- **WORK TO BE COMPLETED**:
Output exactly, in the material below, the lines from the one with "A pot on the" through the one with "Featuring an octagonal". Omit all pictures.

- **RECORDS SHOWN**:
▼▼▼
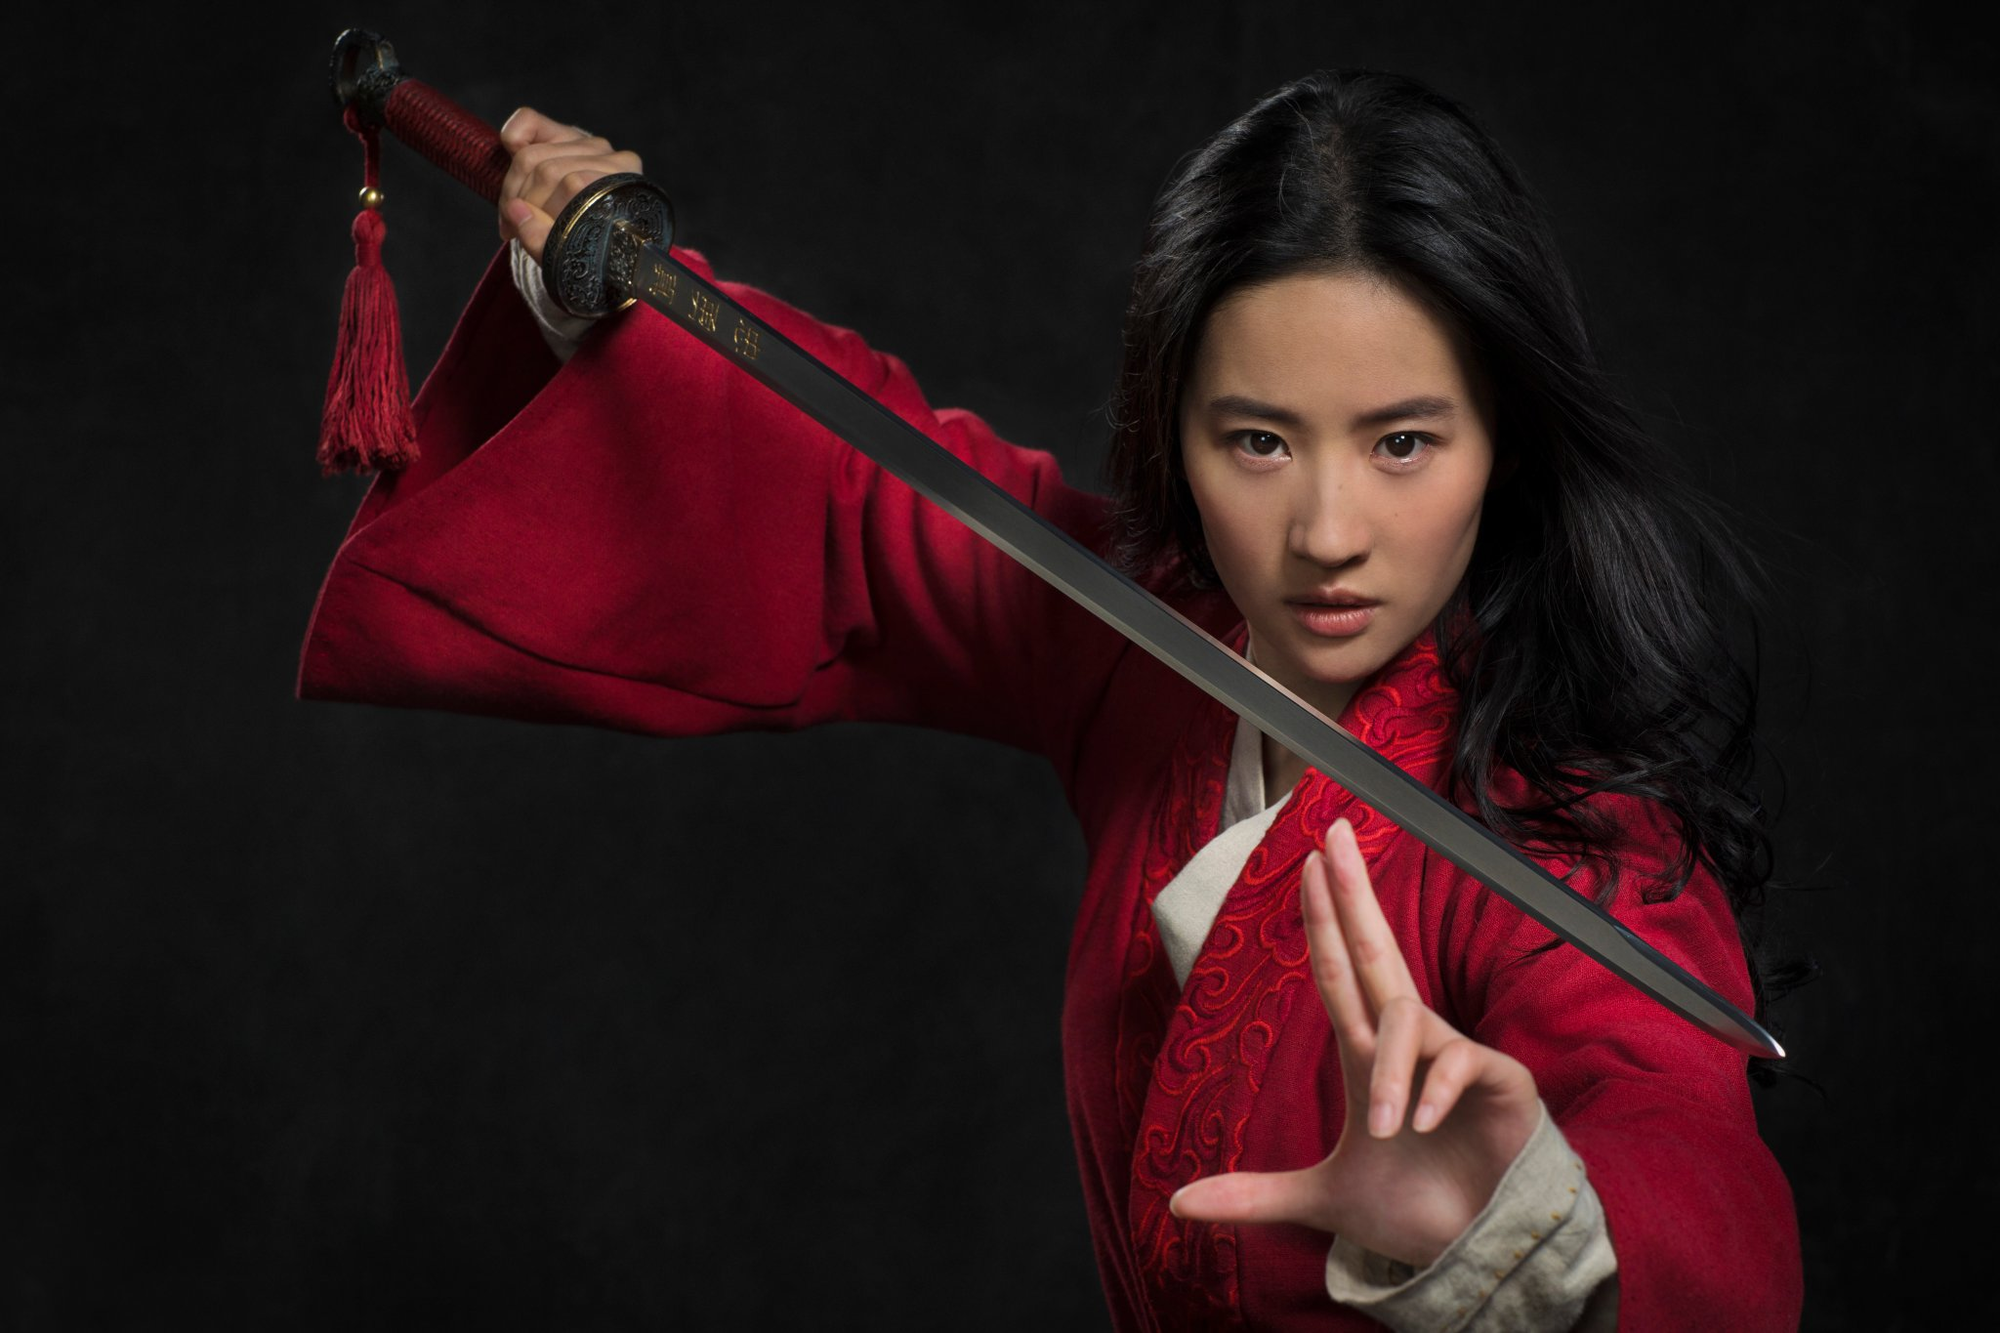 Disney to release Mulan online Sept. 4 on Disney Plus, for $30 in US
▲▲▲
▼▼▼
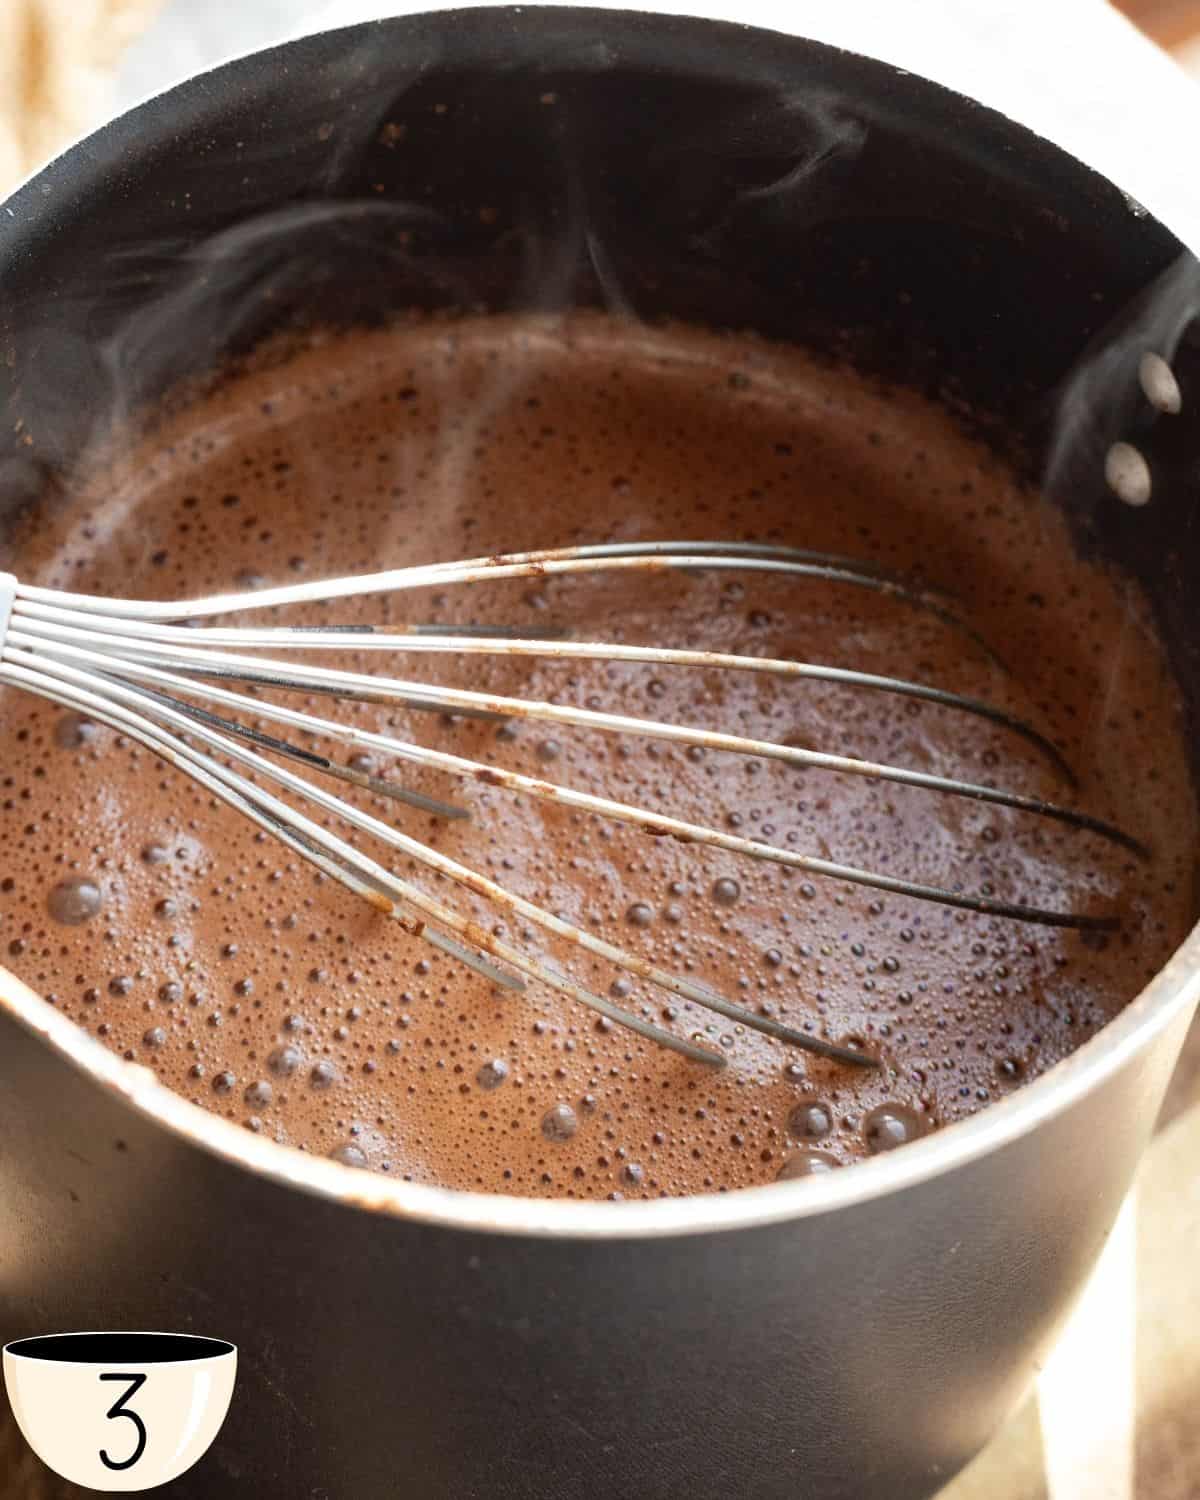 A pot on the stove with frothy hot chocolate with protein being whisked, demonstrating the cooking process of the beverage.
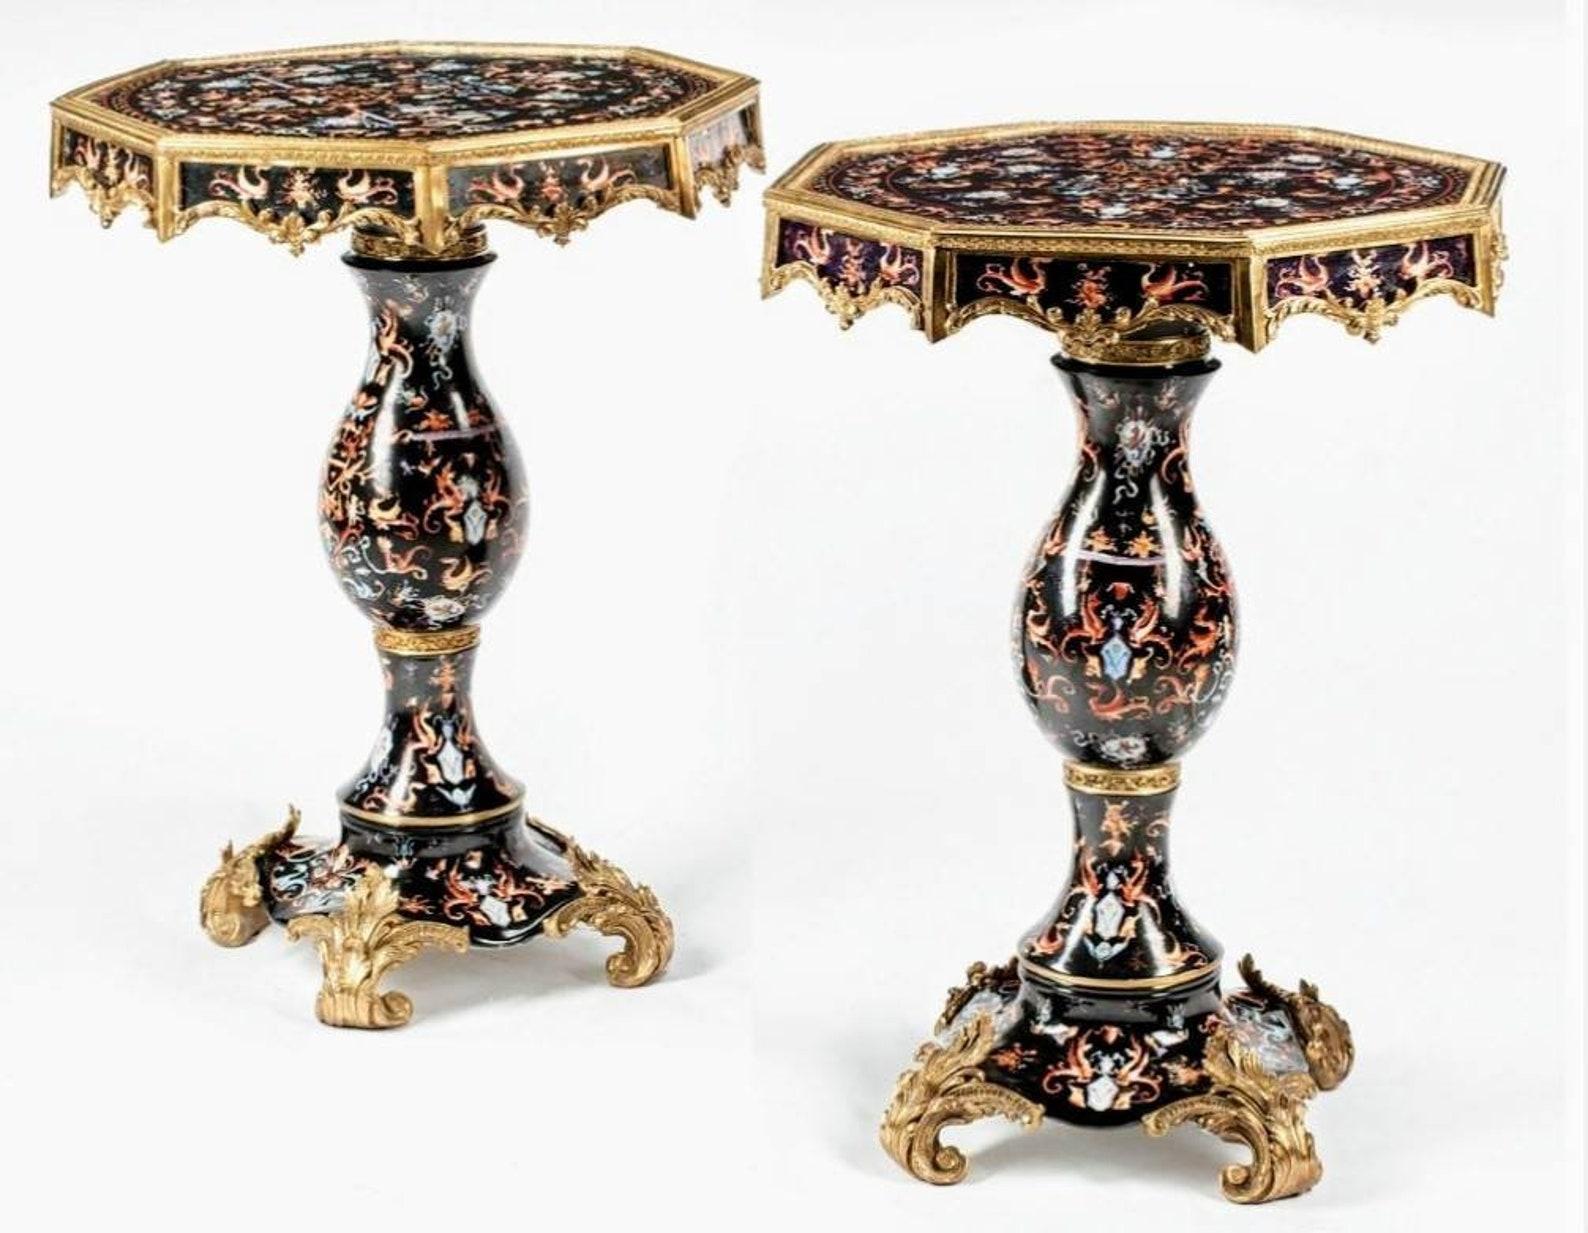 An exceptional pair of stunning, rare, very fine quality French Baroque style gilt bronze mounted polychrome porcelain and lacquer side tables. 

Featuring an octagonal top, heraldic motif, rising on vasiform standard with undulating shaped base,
▲▲▲
▼▼▼
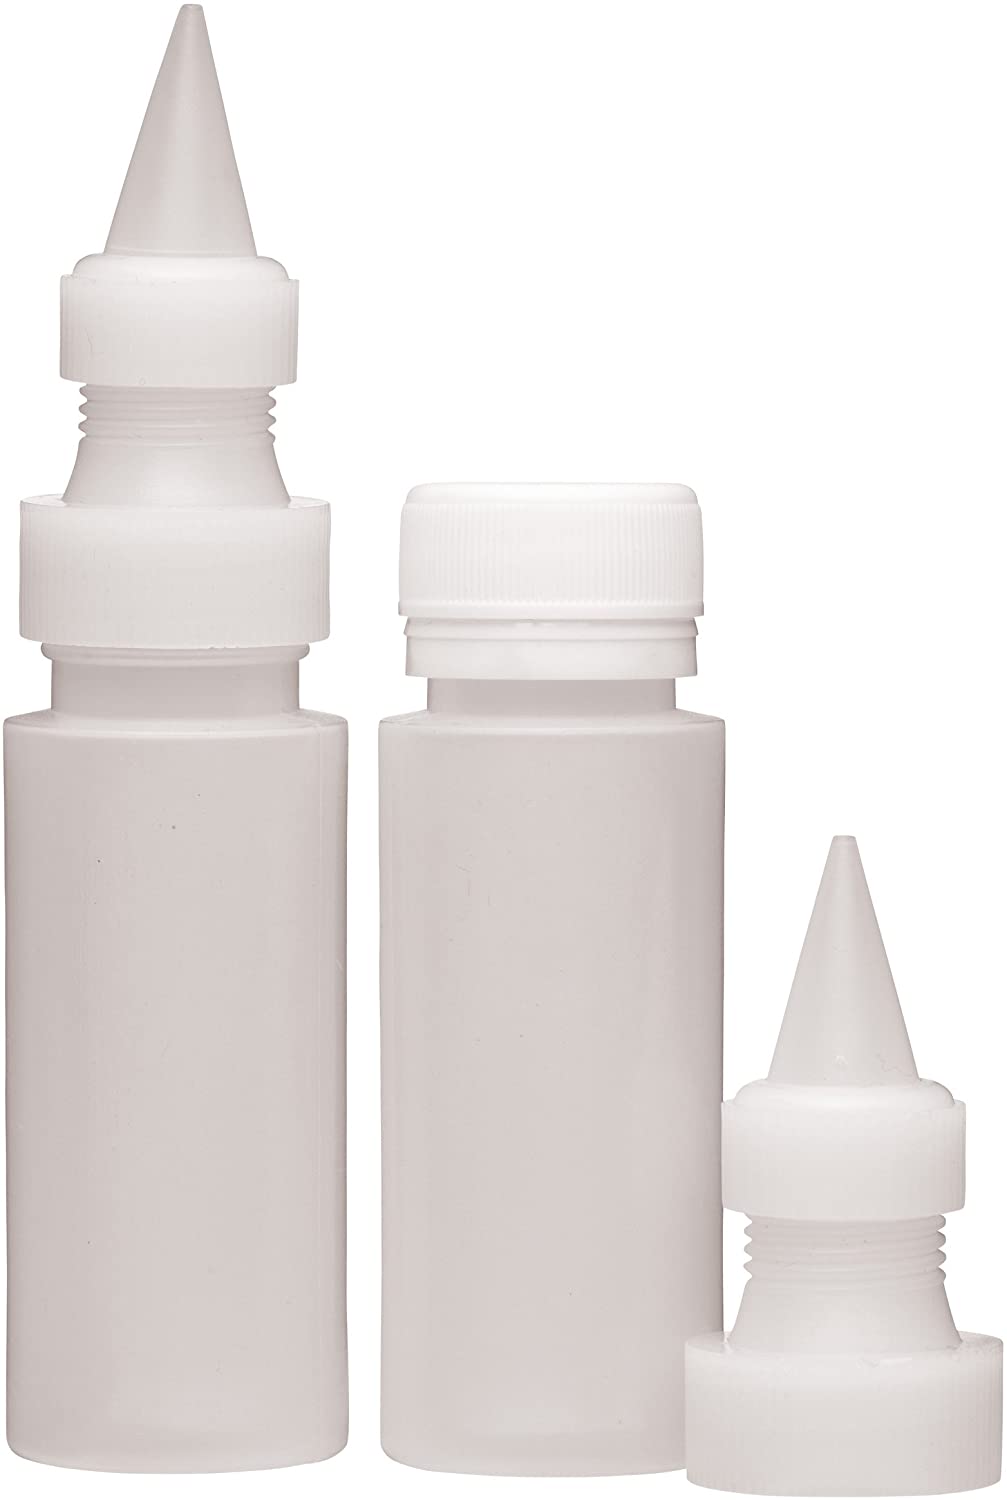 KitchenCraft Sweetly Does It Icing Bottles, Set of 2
▲▲▲
- **WRITTEN ANSWER**:
 A pot on the stove with frothy hot chocolate with protein being whisked, demonstrating the cooking process of the beverage.
 An exceptional pair of stunning, rare, very fine quality French Baroque style gilt bronze mounted polychrome porcelain and lacquer side tables. 

Featuring an octagonal top, heraldic motif, rising on vasiform standard with undulating shaped base,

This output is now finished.